# Moving from Sky to UPC



## CMK (14 Nov 2012)

We are thinking of moving from Sky to UPC.   

The main reason we dont receive some of the stations eg. 3e, it constantly tells us we have no signal, this also happens occasionally with TV3.  It also happens with other stations that are part of our package but we dont use very much but we still should have them as we pay for them.  

The message says no signal.  
We have switched off box, removed the viewing card etc etc - still to no avail.

We have spent several evenigns talking to Customer Service regarding these issues and the problem still hasnt been resolved.  they now want to send out an engineer which would cost us €100 - I refuse to pay this when its not our problem.   Hence the reason we want to move.

Two questions:

1.  Has anyone had these problems and if so how did they resolve them.

2.  Any thoughs on moving to UPC - is it a good service?
We live in Dublin 3.

CMK


----------



## suemoo1 (14 Nov 2012)

i was always with UPC.. never had any problems with them.. but we moved to Sky (doing a special offer).. so sorry we did, we hate it cant wait to get out of the contract and back to upc or just get the saorview etc.. hate you cant pause or record Utv no Setanta for the hubby, had all them with Upc and really only saving myself a tenner a month, with one less box so really did myself no favours..


----------



## Boyd (14 Nov 2012)

Yeah UPC is grand in Dublin, bundle with phone and broadband and its decent value. Signal is grand in Dublin. Now if Craig Doyle would just go away UPC would be even better


----------



## STEINER (14 Nov 2012)

I have basic TV service for 6 years from UPC and a UPC phoneline for 1 year.  There has been no loss of service in that time, so no complaints there. There are a lot of repeats on channels but they are on SKY too.  My parents like their SKY service.


----------



## Leo (14 Nov 2012)

CMK said:


> I refuse to pay this when its not our problem.


 
I'm afraid it is your problem, or at least the problem is with your equipment (assuming you're outside any contract period). How old is the dish? Is it in an exposed area? In good condition?

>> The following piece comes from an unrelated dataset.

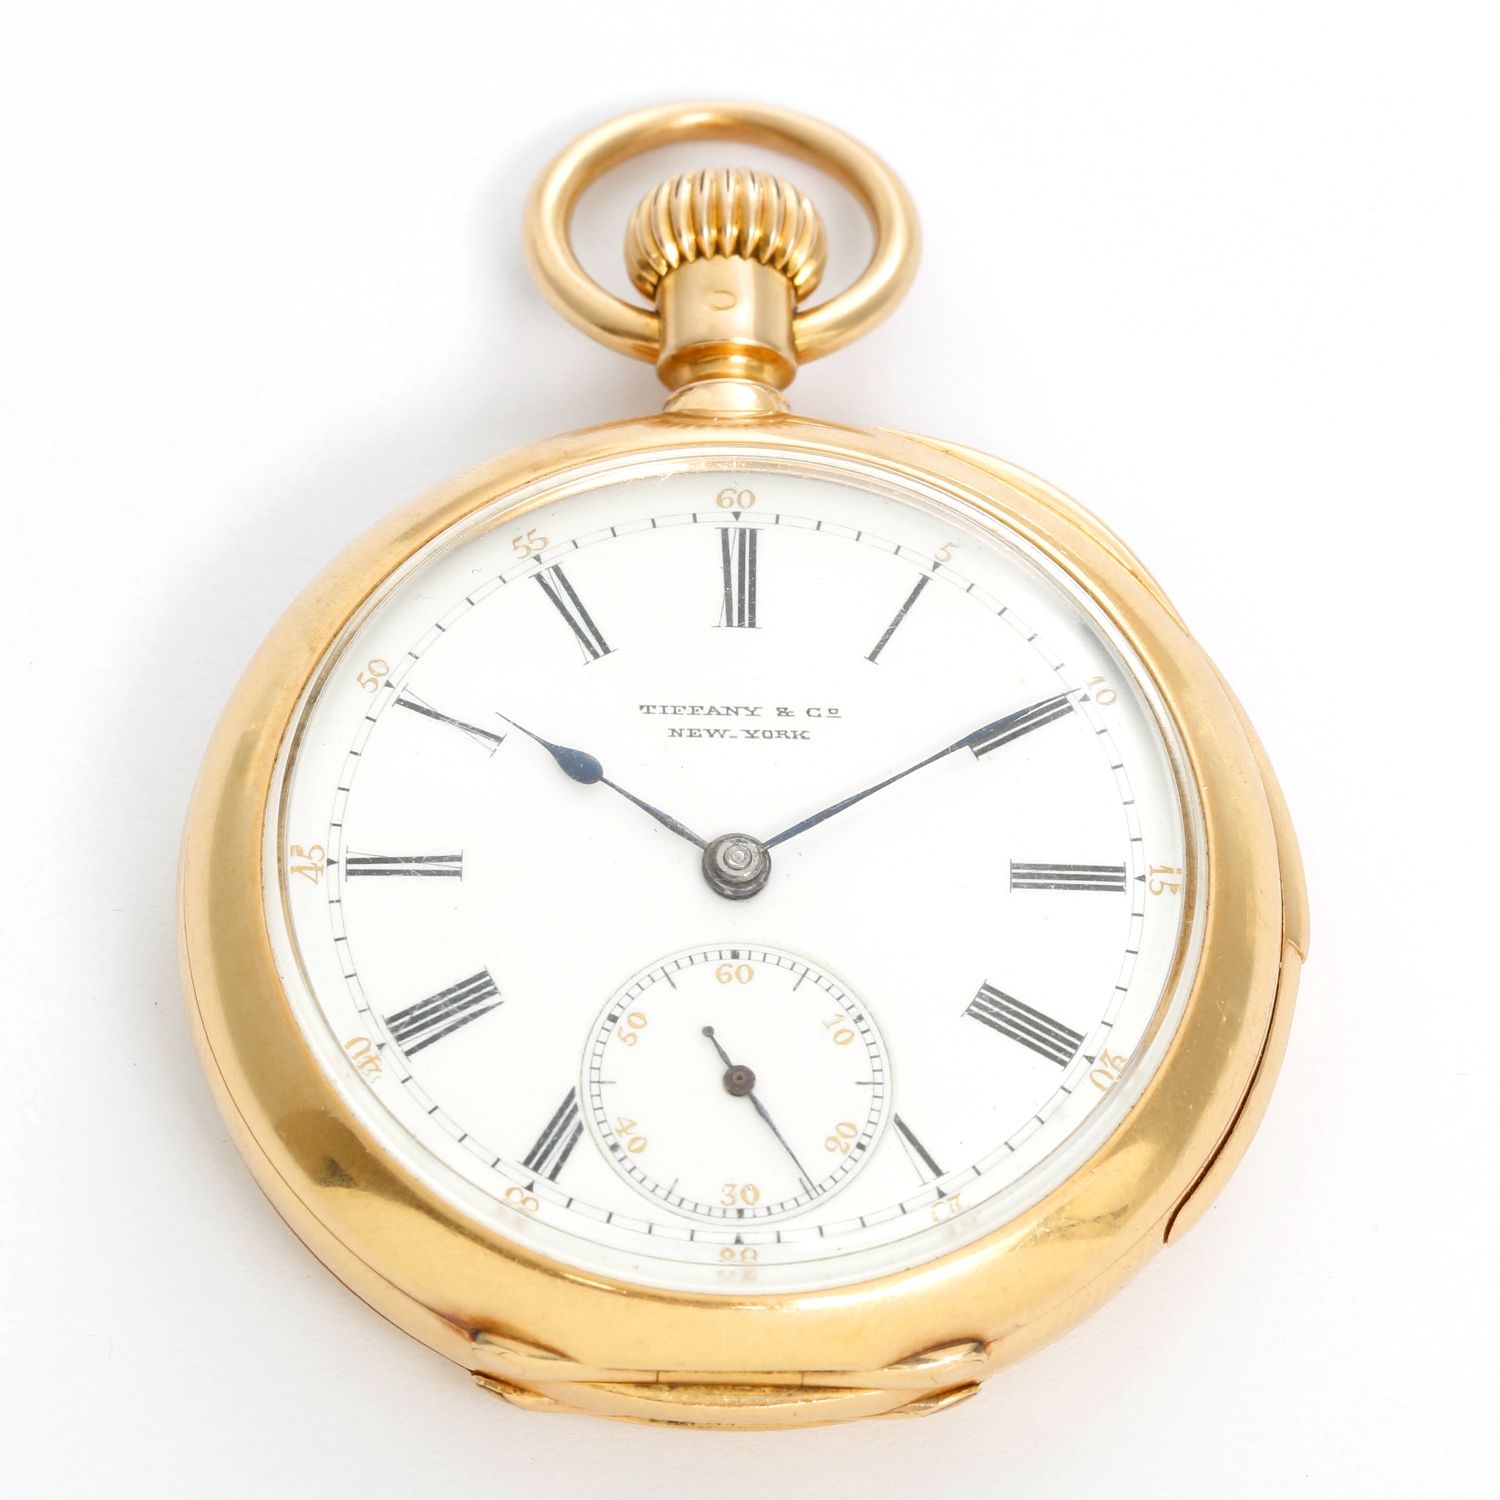 Antique Patek Philippe & Co Geneve Pocket Watch in 18k Rose Gold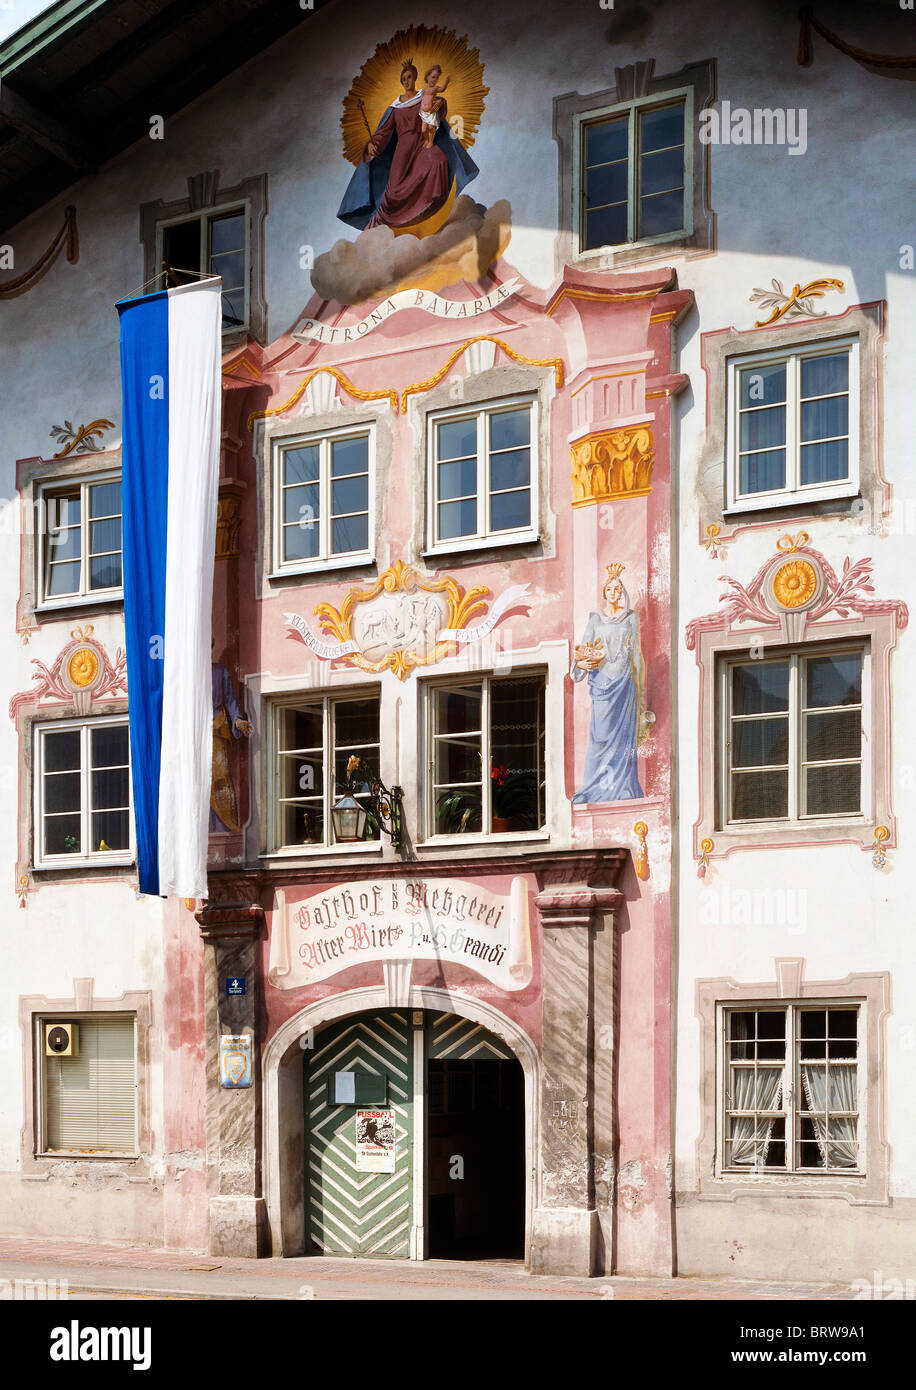 Inn, Alter Wirt, German for Old Host or Publican, Eschenlohe, Upper Bavaria, Bavaria, Germany, Europe Stock Photo

What are the signal strength and quality levels as reported by the Sky box? The solution is likely to be one of:

Reallignment of the dish
Replacement of the LNB
Replacement of LNB & dish
All of those are easily within the capabilities of most competent DIYers. Alternatively, play hard ball with Sky and they're likely to do it for a reduced fee or free if you sign-up to a new contract period.


There are lots of threads here with others complaining about poor service from UPC, so take a read of those before you move and regret it.
Leo


----------



## runner (14 Nov 2012)

Switched from Sky to UPC all in bundle over a yr ago and the reception and service is top notch in Sth Dublin. I still have Sky sports as an addon. Just one caveat, do check if ure area has been recabled by UPC  for digital services in recent times, as this may have a bearing as well.


----------



## NOAH (14 Nov 2012)

tell sky you want to cancel, and they will fix it for free,  nb it takes 31 days for cancellation to go through so play hard ball. after a few days sky will ring you back and if you really lay it on you should get a discount as well.


----------



## MattM (17 Nov 2012)

I am having the same problem at the moment and have lost all the sports channels I am paying extra for. I rang them up and got the same story as the op so I threatened to leave. I was put through to cancellations where I had to explain the story again and instead of terminating my account they offered a HD ready box and installation all free for us to stay. My only problem now is the delay in getting it fixed which you will see I started a thread on.


----------



## Nutso (17 Nov 2012)

I was with UPC in Dublin 3 for 3 years and rarely had a problem.  Customer service is not the best with them but I could put up with it as I didn't have to ring them too often...


----------